__ASSIGNED TASK__
Repeat the listing word for word. No pictures belong in the copy.

__DATASET EXCERPT__
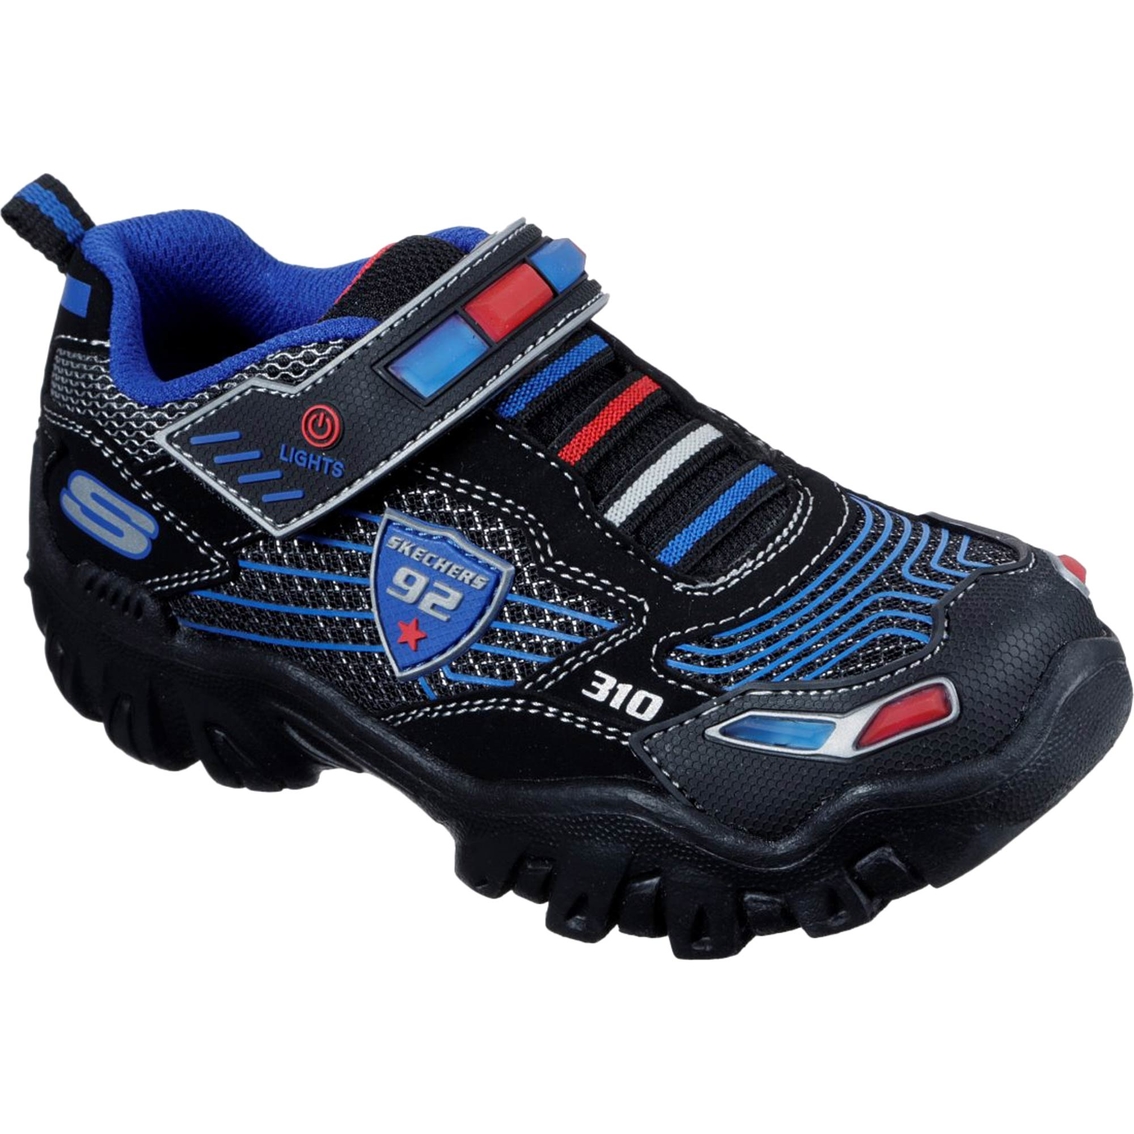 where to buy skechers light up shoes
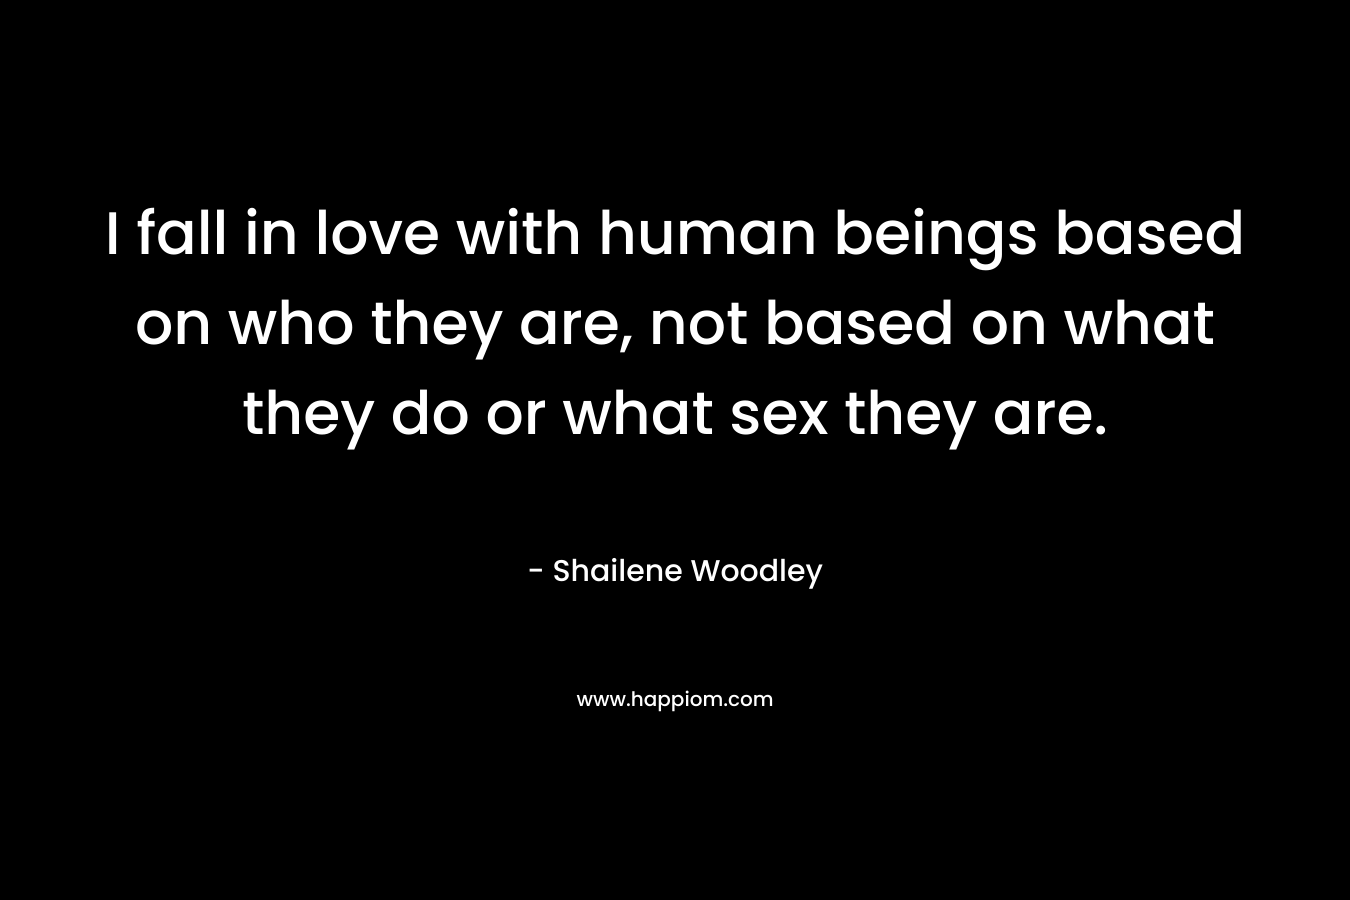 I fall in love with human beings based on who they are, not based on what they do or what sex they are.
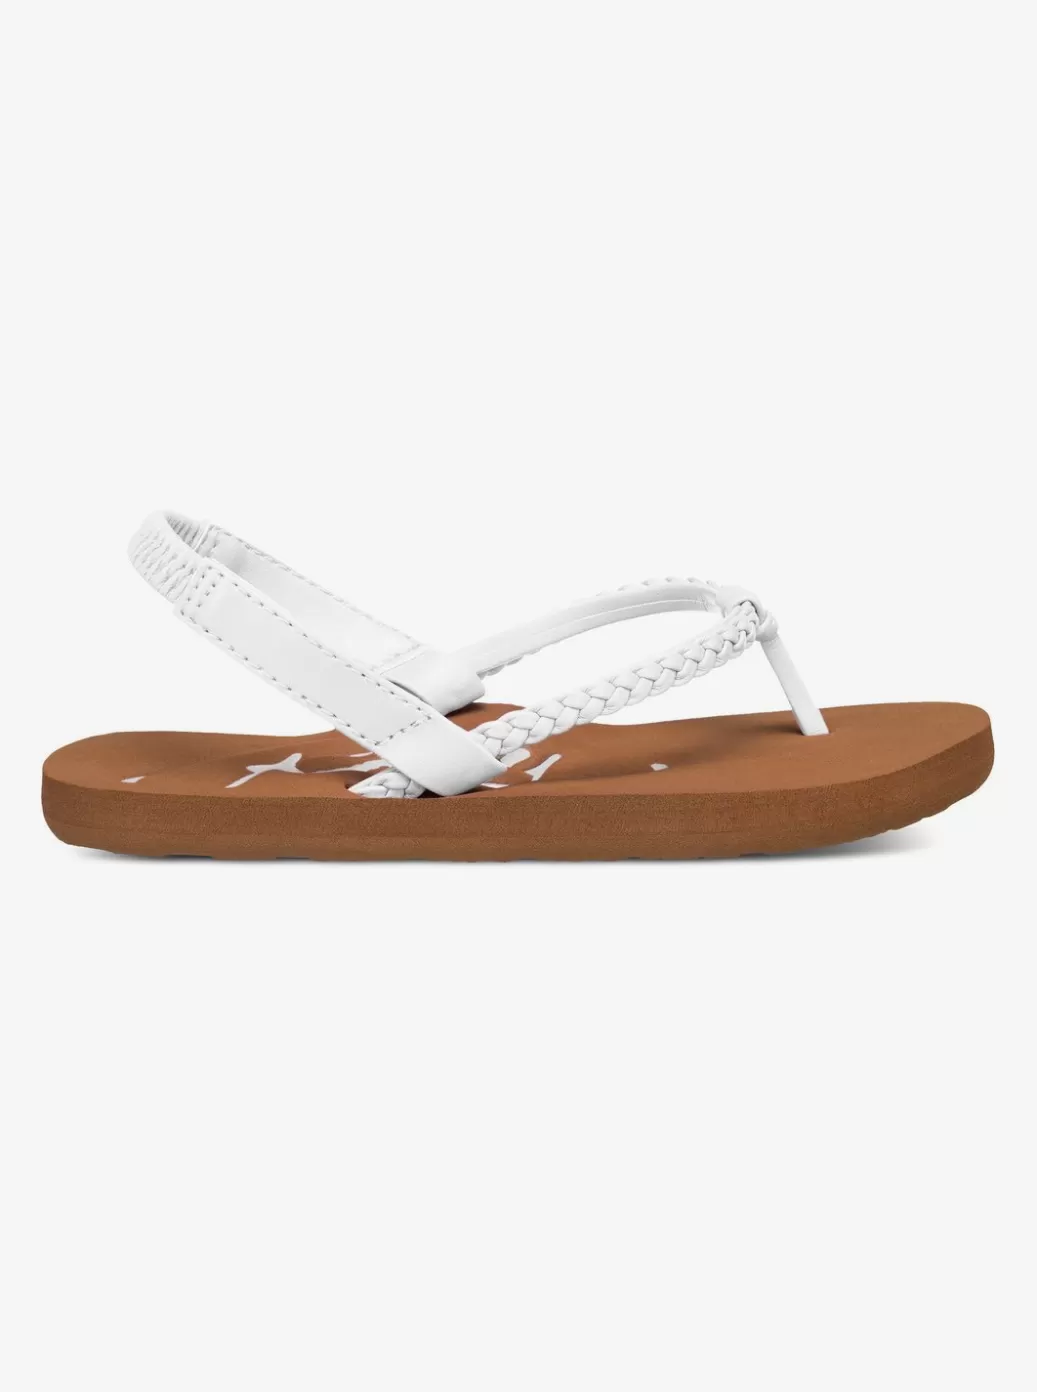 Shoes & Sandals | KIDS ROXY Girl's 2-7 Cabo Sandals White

__EXERCISE SOLUTION__
 where to buy skechers light up shoes
 I fall in love with human beings based on who they are, not based on what they do or what sex they are.
 Shoes & Sandals | KIDS ROXY Girl's 2-7 Cabo Sandals White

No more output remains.